Garbage collection speed

flai_hv

New Member
Nov 6, 2022
1
0
1
Hi devs and users,

Personally, I use proxmox in multiple domains (private and semi-professional).
For this reason, I have also two Backup servers running to handle the backups. All servers are doing daily backups, some even more, in total ~5TB with ~200GB changes per week.
One server is running with metadata SSD cached, data HDD ZFS filesystem as a VM. The other is "a bit weird", a cloud instance using remotely mounted storage for financial reasons.
Both of them run really well with a decent speed for backup creation and restore, even the remote storage one.

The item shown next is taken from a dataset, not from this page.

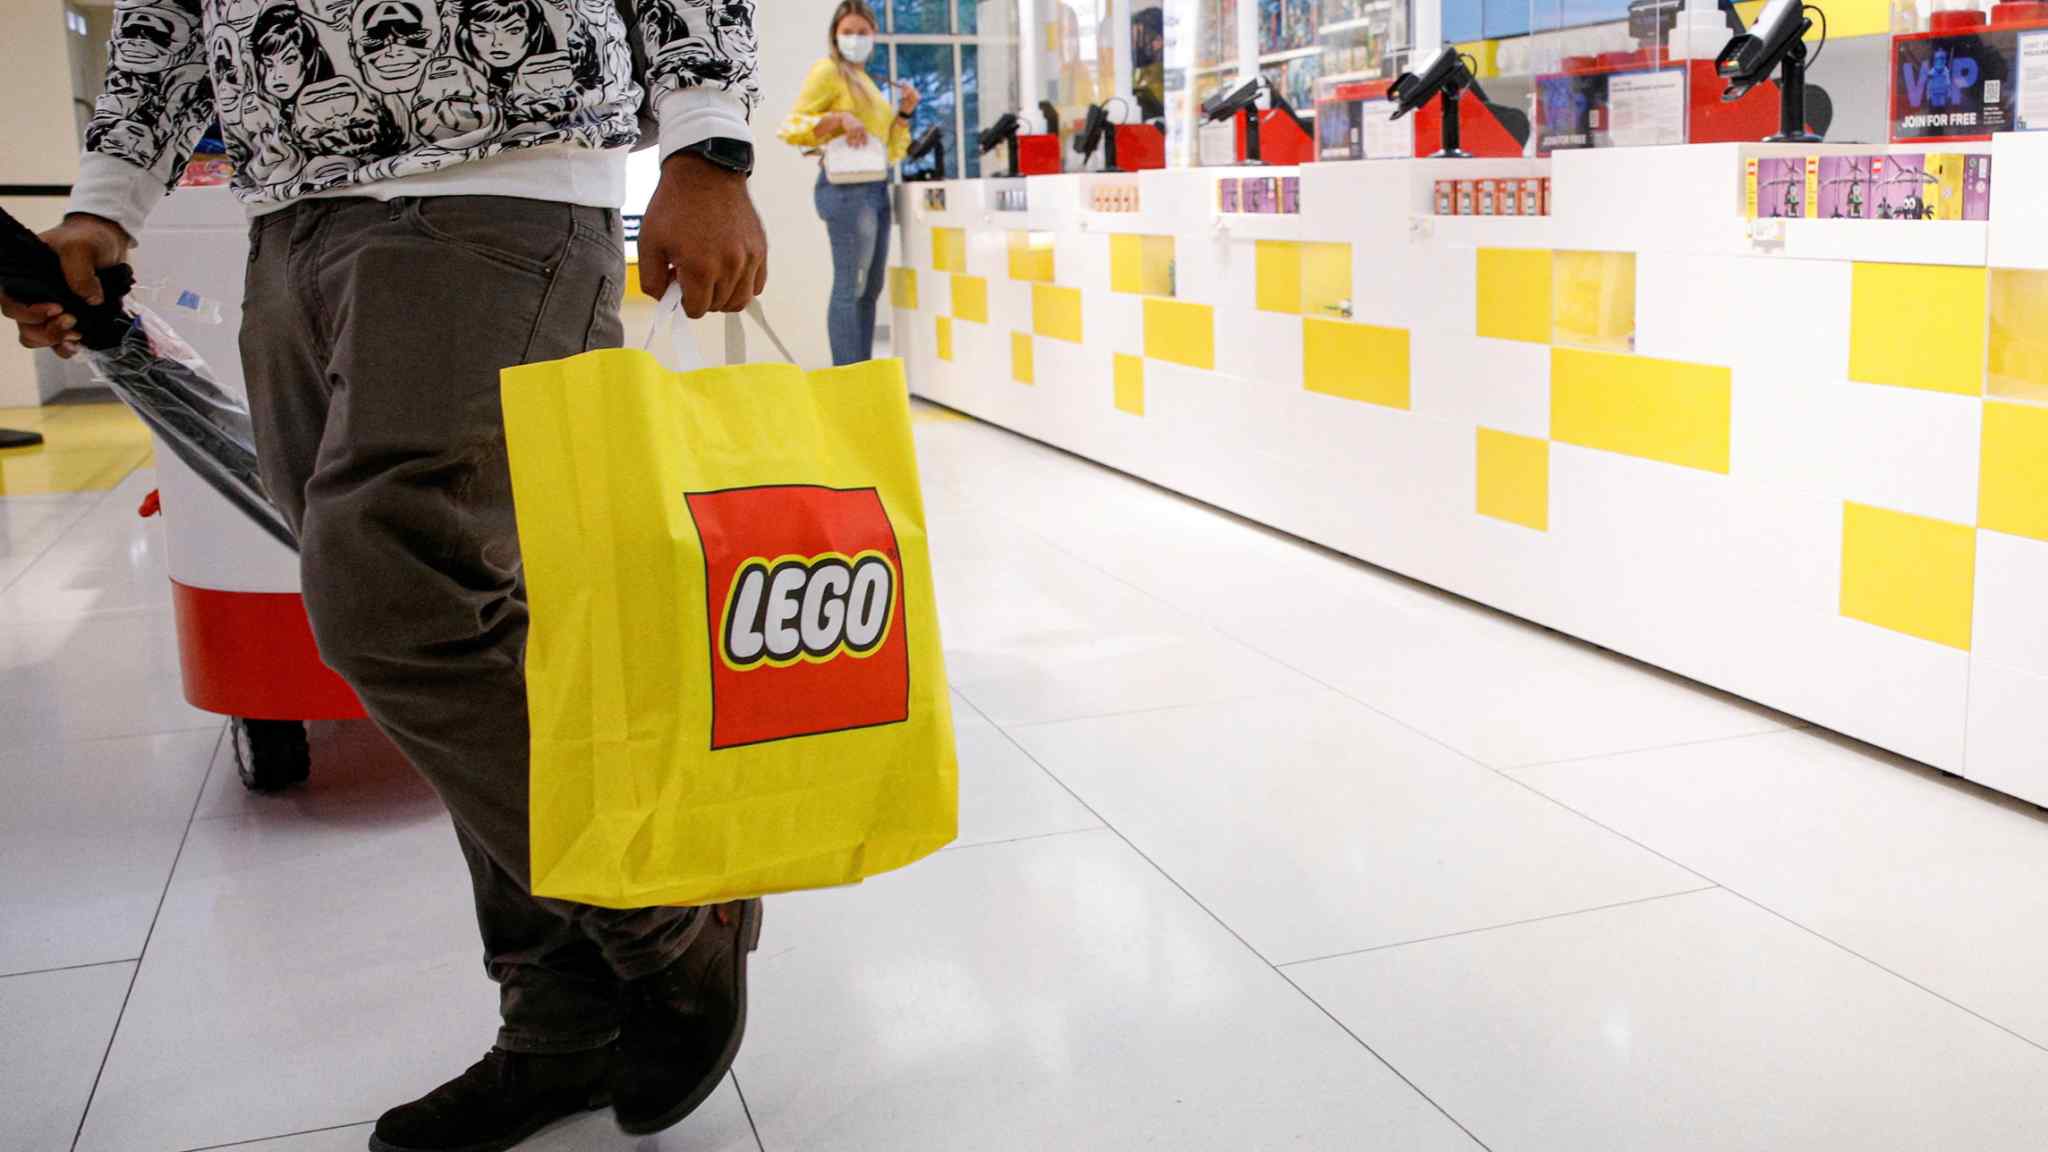 Lego expects to take market share amid economic slowdown

But one thing came up, the speed of garbage collection.
On the remote storage server, one run of garbage collection takes almost 2 days...
On the local storage server, one run takes 10 hours.

I know why this takes so long. PBS is going through all index files, "touches" all chunks assigned to it and later deletes all untouched chunks. This touching (even if you use features like relatime), involves the operating system and filesystem.
The required calls into the OS scale with amount of data aka chunks of data (or even better amount) and the amount of index files.
That means if you want to keep higher frequency backups, that quickly scales into billion touches per garbage collection cycles.

So, for all the users out there: What is your garbage collection duration? Anybody else out there having an "issue" like that?

But I didn't came here without an idea to change this.
I read (actually inside the code) that there were ideas to make this whole process inside memory. But that comes at a decent risk and memory footprint for large deployments.
The idea I have been trying on a replica of my backup server is deduplication of the touch requests.
There is no benefit of touching a chunk twice within one garbage collect. And the benefit is this calculation happens within PBS, no involvement of the OS. That can make this process magnitudes quicker. Especially for non-enterprise SSD deployments. Even for them, the lookup internal seems to be quicker than the touch, even on the NVME SSD I tried it with.
But that means a list of chunks needs to be kept in memory during garbage collection. In numbers 32MB per 1 million chunks. 1 million chunks means 4TB of VM data with default settings. It makes sense to truncate this data if it reaches a certain limit, what doesn't undermine the basic functionality, just slows it a bit down. But maybe that is fair if you have a single VM referencing 100TB+ on a single VM...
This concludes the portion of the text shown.